• **Input data**:
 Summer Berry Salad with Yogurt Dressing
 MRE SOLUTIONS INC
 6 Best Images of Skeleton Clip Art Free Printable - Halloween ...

• **Task to carry out**:
Everything from the line with "MRE SOLUTIONS INC" through the last line of the data above, please return word for word, and no other line.

• **Reply**:
 MRE SOLUTIONS INC
 6 Best Images of Skeleton Clip Art Free Printable - Halloween ...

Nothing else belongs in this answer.